I'm not a real fan of warmbloods but it seems there are a lot of international eventers who are warmbloods. Note I also have a TB mare in foal to Regardez Moi (Dutch WB), should I wait for the foal?

All help appreciated!


----------



## sarahver (Apr 9, 2010)

Woah, unless you are taking that position up in 2015 I probably wouldn't wait around for a foal that isn't born yet.

Any or all of the above mentioned breeds, in fact most horses that are sound of mind and body will jump 3 ft and do a reasonable dressage test provided they have the correct training, so any breed really (within reason of course, I am not suggesting Shetland ponies here). If you haven't evented up to this point, you will be starting in the lower levels anyway until you build up points and experience. As a guide, most top level eventers are TB's, although we are seeing more and more warmbloods now too.


----------



## MIEventer (Feb 15, 2009)

Just go with a horse, regardless of breed, who has the heart, the ability, the build/conformation and the want to do the sport. 

I see Appaloosa's at Prelim and Advanced levels, and I see Appendix's as well. 

TB's have always ruled the sport, and always will - BUT AGAIN, it doesn't matter what breed they are.

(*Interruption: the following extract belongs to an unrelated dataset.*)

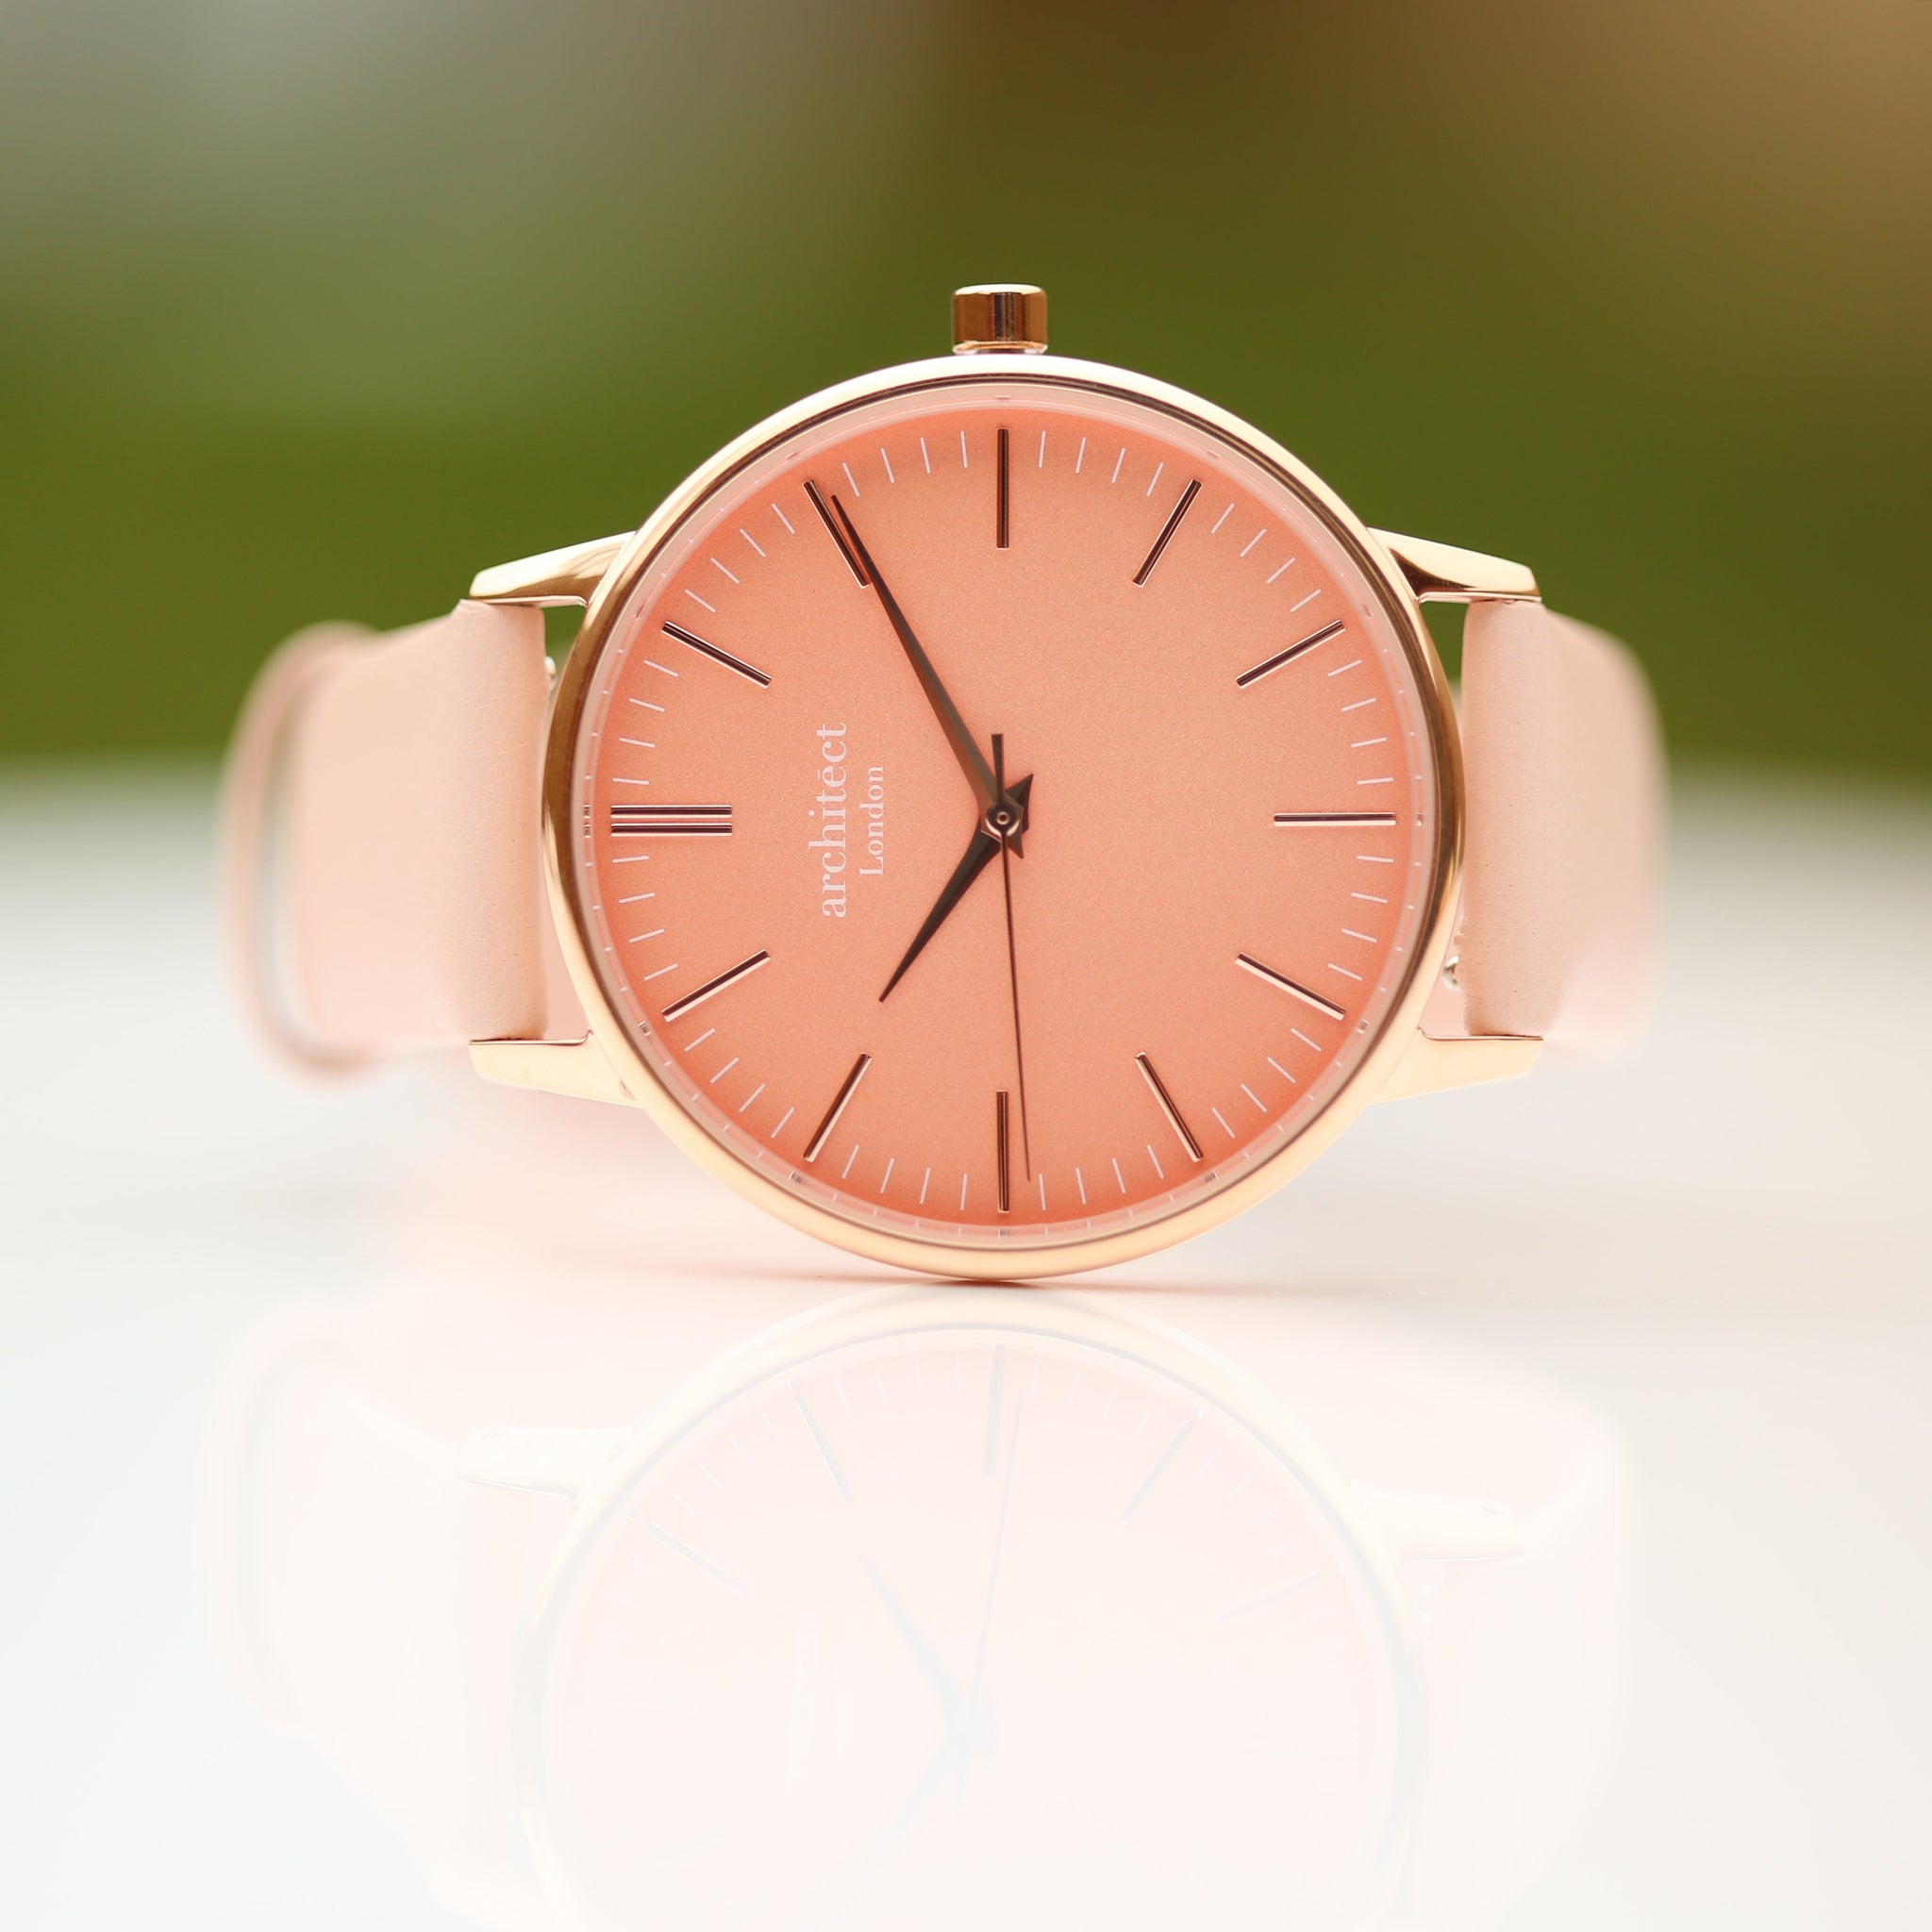 Personalized Ladies' Watches - Handwriting Engraved Watch In Light Pink

You can spend $10,000 on a horse, and it could be the worst eventing prospect ever, and you can spend $200 on an OTTB and it take you to Rolex. You can go to an Auction, and take a horse out of the Kill Pen, and it can be that diamond in the ruff - you never know.


----------



## Mythilus (Aug 16, 2010)

I've found that most TBs I've met lose confidence really quickly. One horse I knew tripped over a jump and to this day still won't jump.
There is plenty of time for me to get to the level I want, so my foal is still a back-up plan. I'm starting at EA (Equestrian Australia) Level Preliminary, which I believe starts the jumps about 80cm


----------



## sarahver (Apr 9, 2010)

^^ Losing confidence is ABSOLUTELY NOT a hallmark of the breed, or any breed for that matter. If you want to know why a horse loses their confidence, look to the captain of the ship.

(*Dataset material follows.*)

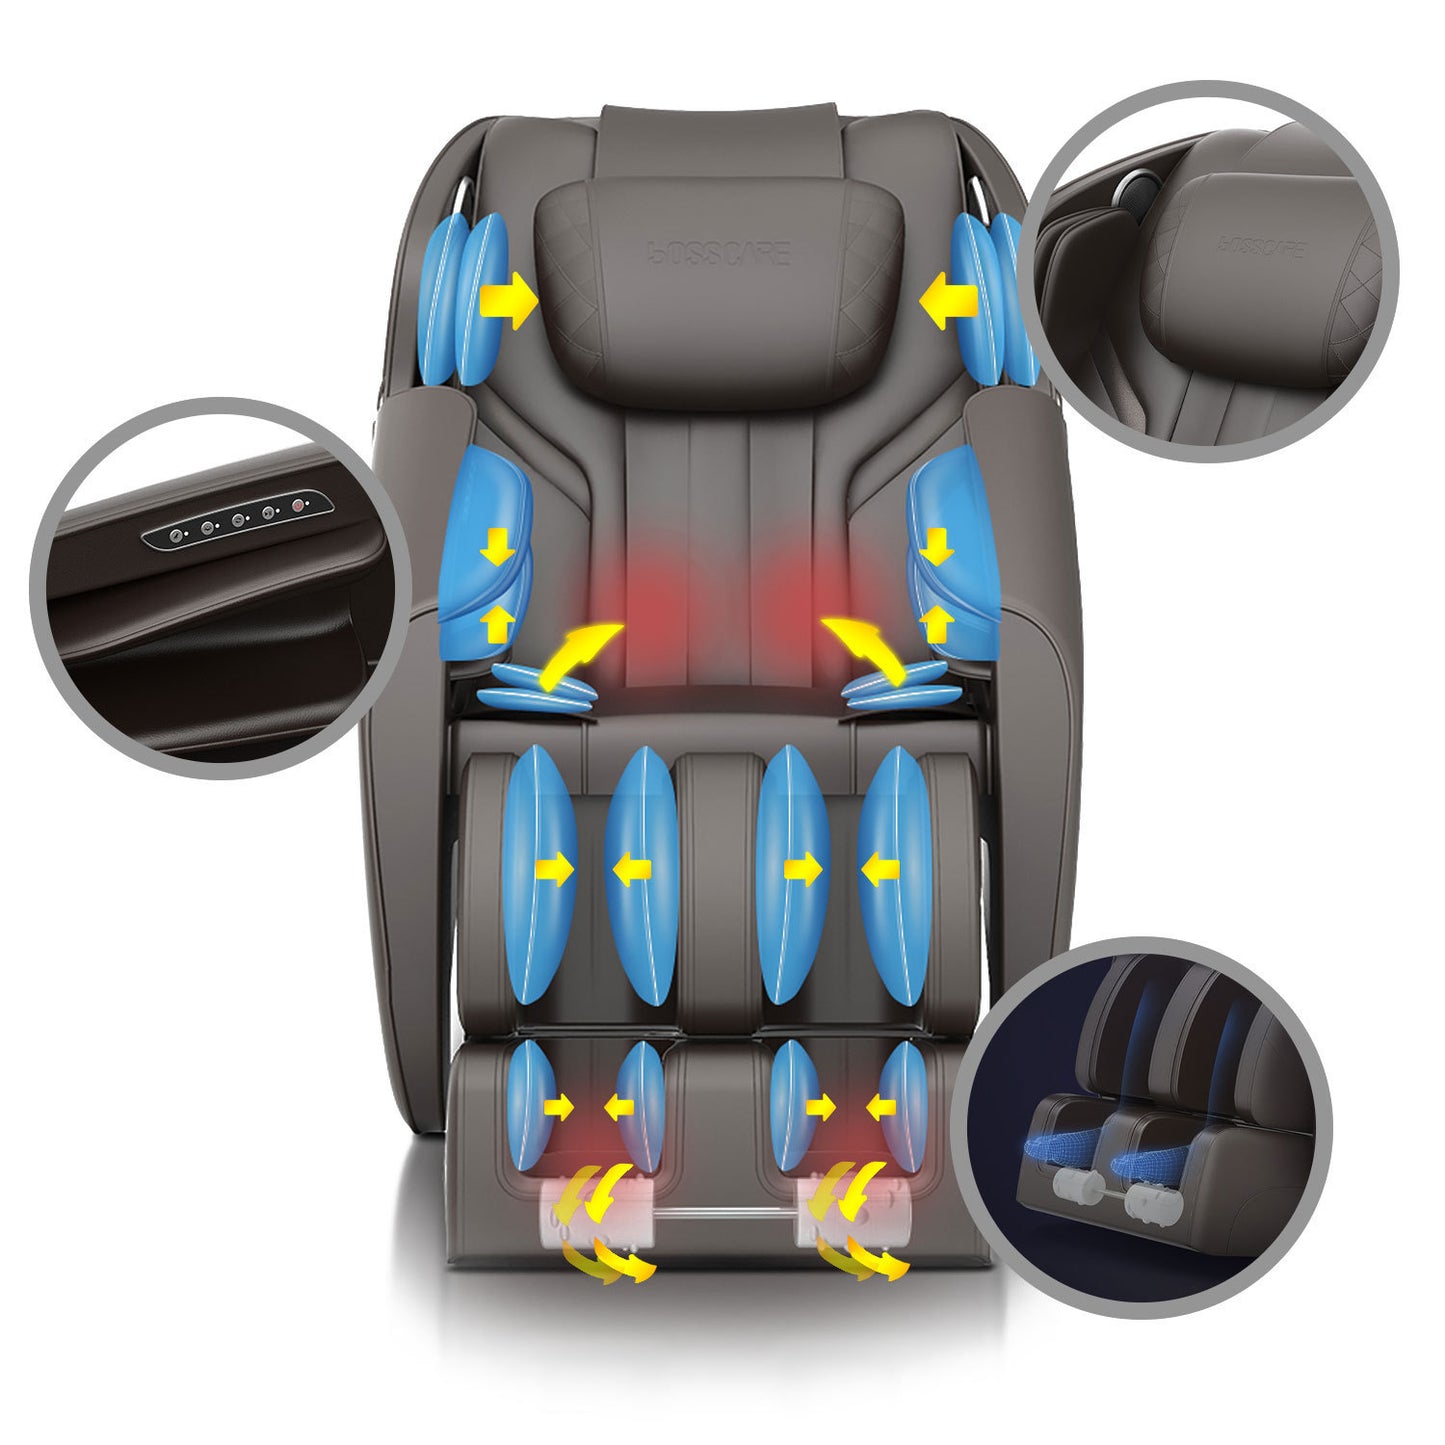 BOSSCARE Massage Chair Recliner with Zero Gravity Airbag Mas

Oh and I think you mean EFA - Equestrian Federation of Australia. Preliminary means the jumps will be no higher than 90cm and nothing more complicated in the dressage than walk, trot and canter in 20m circles. No need for a specialty breed yet.


----------



## Frankiee (Jun 28, 2010)

Appaloosa's and Paints ! lol but really any horse does as long as they love to jump and whant to please you!  good luck


----------



## Mythilus (Aug 16, 2010)

I know confidence issues aren't a hallmark, I just know quite a few unconfident TBs. Heck my first horse was TB! 

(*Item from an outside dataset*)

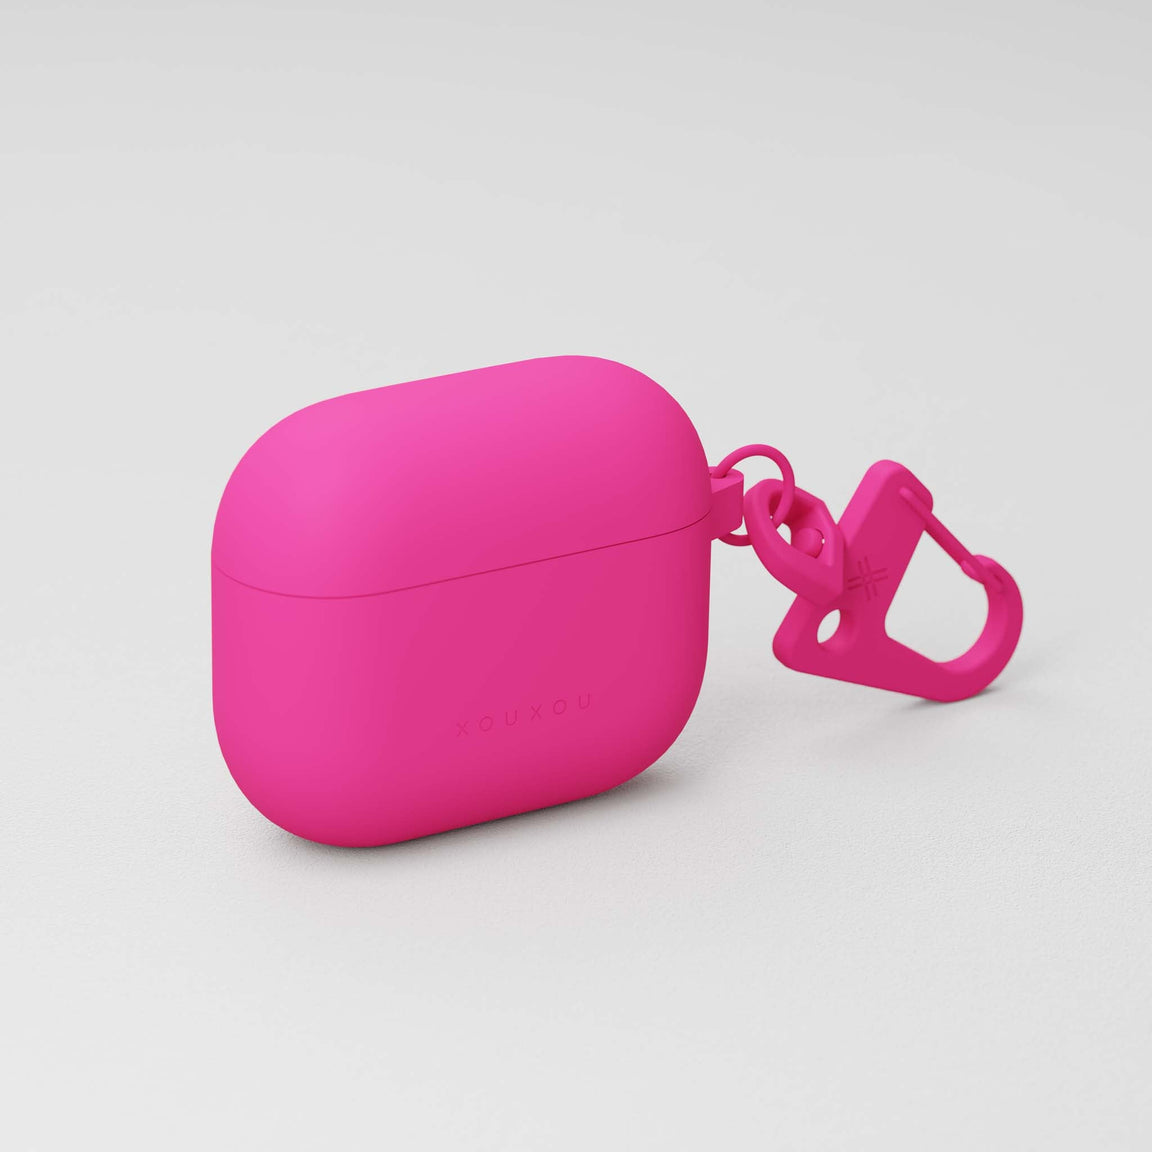 Apple AirPods 3rd generation case in Pink with soft-touch finish and carabiner | XOUXOU

The EFA has been changed to just the EA now, and yes, thats what I was hoping was the specifics of Prelim. I am looking for a horse to continue on with; I don't want to reach Star Levels and have to buy another.


----------



## sarahver (Apr 9, 2010)

MadamKing said:


> The EFA has been changed to just the EA now, and yes, thats what I was hoping was the specifics of Prelim. I am looking for a horse to continue on with; I don't want to reach Star Levels and have to buy another.


Any reason for not starting at Introductory? Jumps not exceeding 60cm and basic walk-trot-canter dressage tests?


----------



## Mythilus (Aug 16, 2010)

Hmm....
I thought the jumps were bigger than that? Also, I thought that dressage tests had been "re-assessed" and that there were no simple walk-trot-canter tests in eventing anymore


----------



## sarahver (Apr 9, 2010)

MadamKing said:


> Hmm....
> I thought the jumps were bigger than that? Also, I thought that dressage tests had been "re-assessed" and that there were no simple walk-trot-canter tests in eventing anymore


What I meant by simple walk-trot-canter is that no lateral movement is required and all transitions are simple transitions. 

And I made a mistake with the jumping heights - Intro is 80cm and Prelim is 95 cm, sorry.


----------



## Mythilus (Aug 16, 2010)

Thanks, I'll look into it.


----------



## Shasta1981 (Nov 12, 2010)

I agree with MIEventer. Find a horse who wants to do it. You have to be willing to look at many and hold out for the right one. Don't rule out the TB's! I evented with an OTTB and she was perfect for it. Such a blast for cross country too! Good luck on your search!


----------



## MIEventer (Feb 15, 2009)

If TB' aren't that "great" of an Eventing prospect - then why do they still continue to rule the sport? 

Intreaguing.


----------



## Mythilus (Aug 16, 2010)

I'm just saying my tb's aren't eventers haha too lazy....
I'm looking at a 15.2hh brown TB gelding, 8 yo, already competed Intro. I've ridden him, and he's lovely and quiet.


----------